The main strengths of the current study include: applying the baseline characteristics from a large sample of T2DM patients from routine practice in Sweden, using utility decrements for a number of complications from a Swedish sample with T2DM, applying Swedish-specific risk equations for macrovascular complications, and extracting treatment effects on the main biomarkers (i.e., HbA1c and weight) from a meta-analysis instead of a single clinical trial. In addition, the authors used HbA1c threshold to determine the treatment pathway, reflecting clinical practice and national guidelines.

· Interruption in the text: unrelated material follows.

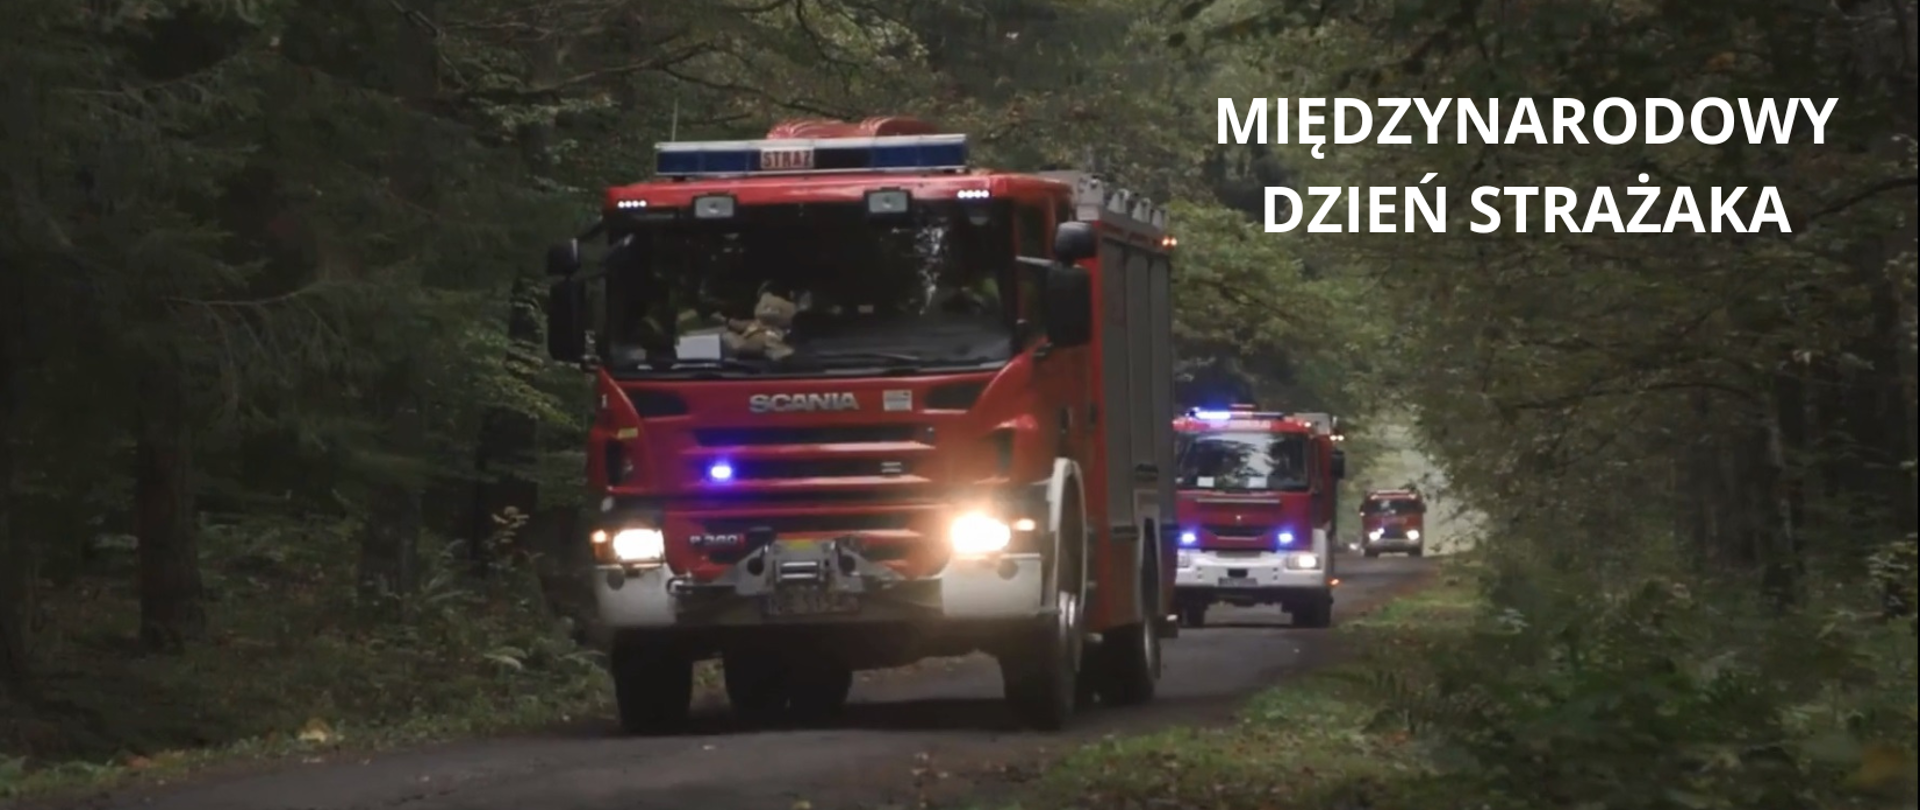 Biały napis - Międzynarodowy Dzień Strażaka na zdjęciu przedstawiającym wozy strażackie, które wyruszyły na akcję w lesie.

These strengths improve the external validity and relevance of these results for policy making in the Swedish setting.

The results of the current study should be interpreted in light of a number of cautions. The authors included only hypoglycemia as a treatment-related adverse event in the model. The results of the 1860-LIRA-DPP-4 (liraglutide dipeptidyl peptidase-4 inhibitor) trial showed no significant difference in other adverse events between liraglutide and sitagliptin [29]. On the other hand, previous studies [30, 66] reported higher episodes of non-hypoglycemia-related adverse events such as nausea for GLP-1 and DPP-4 agents compared with insulin glargine. If insulin glargine and NPH insulin are comparable with respect to adverse events, then the authors’ reported ICERs in comparing GLP-1/DPP-4 against NPH insulin are underestimated to some extent. However, the authors do not expect this to have influenced the final conclusion, as these ICERs are long way from our assumed SEK 500,000 WTP value. As they had no clinical trial data regarding the effects of treatment on diabetes-related complications, the authors applied the commonly used method of using biomarkers (e.g., HbA1c and weight) as surrogate markers for these complications. Due to lack of data, the authors did not take into account the possibilities of treatment discontinuation by patients and different annual drifts for different treatments. This limits the generalizability of these findings. However, these are common modeling practices, and the authors tried to consider the possibility of different annual drifts in the PSA, assuming a normal distribution for annual drift in biomarkers. It should be mentioned that their conclusions are based on a baseline HbA1c of 7.7% ± 0.8, and generalizability to patients with lower and higher HbA1c values at baseline is limited. Especially, as it was recommended by the American Diabetes Association and the European Association for the study of Diabetes, starting treatment with insulin should be strongly considered for patients with dramatically high HbA1c or significant hyperglycemic symptoms [10]. Pooling agents into classes (i.e., GLP-1 and DPP-4) implies that agents within a drug class have similar efficacy. The results of meta-analysis on individual agents in the authors’ main source (i.e., Ref. [28]) supported this assumption and conducting the class-level analysis.

Conclusion

From both a societal and a healthcare payer perspective, treatment with GLP-1 agonists is a cost-effective treatment strategy in comparison to DPP-4 inhibitors and NPH insulin as second-line therapy among T2DM patients inadequately controlled with metformin alone in a Swedish setting.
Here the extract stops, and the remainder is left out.